Hungary’s cash flow-based budget, excluding local councils, ran a 1,219 billion forint deficit at the end of December, the Finance Ministry said on Thursday.
The deficit was 122 percent of the 998.4 billion forint full-year target. A month earlier, the Finance Ministry said the full-year deficit target was still “achievable” despite the significant November shortfall (190.9 billion forints).
Alone in the month of December, the budget was 452.7 billion forints in the red.
The ministry noted that central budget pre-financing for European Union-funded projects continued to have an impact on the balance: payouts for such projects reached 1,556.8 billion forints for the year, while transfers from Brussels came to 1,468.6 billion forints.
Big spending tickets were on investments undertaken in the framework of the Modern Cities scheme and the Hungarian Village programme, as well as road and railway upgrades and incentives for business investments to improve competitiveness, the ministry said.

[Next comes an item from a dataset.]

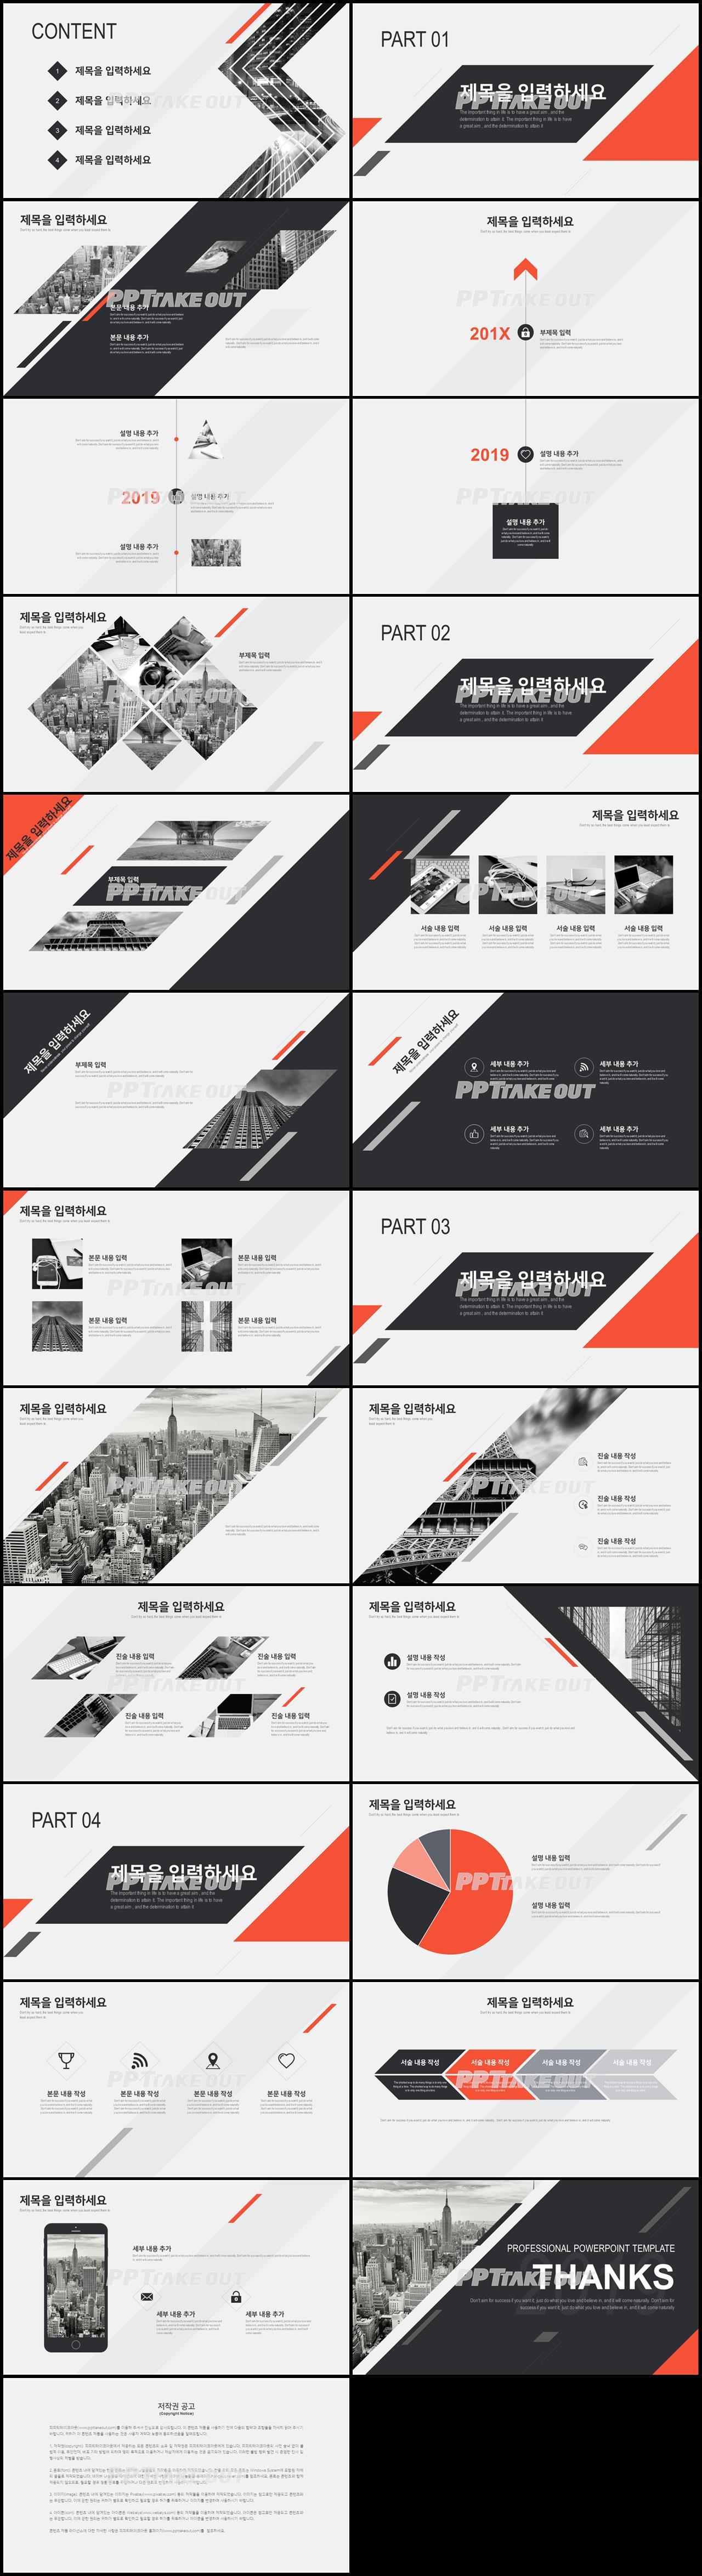 기업홍보 블랙 현대적인 멋진 POWERPOINT탬플릿 다운로드 상세보기

Expenditures were also lifted by a package of family support measures that included prenatal baby support loans and subsidies for vehicles for large families, by premiums for pensioners linked to economic growth and by wage rises in the public sector, it added.
The ministry said the deficit calculated according to the EU’s accrual-based accounting rules “could turn out to be well below the EU criterion”.
The government targets a shortfall of 1.8 percent of GDP in 2019.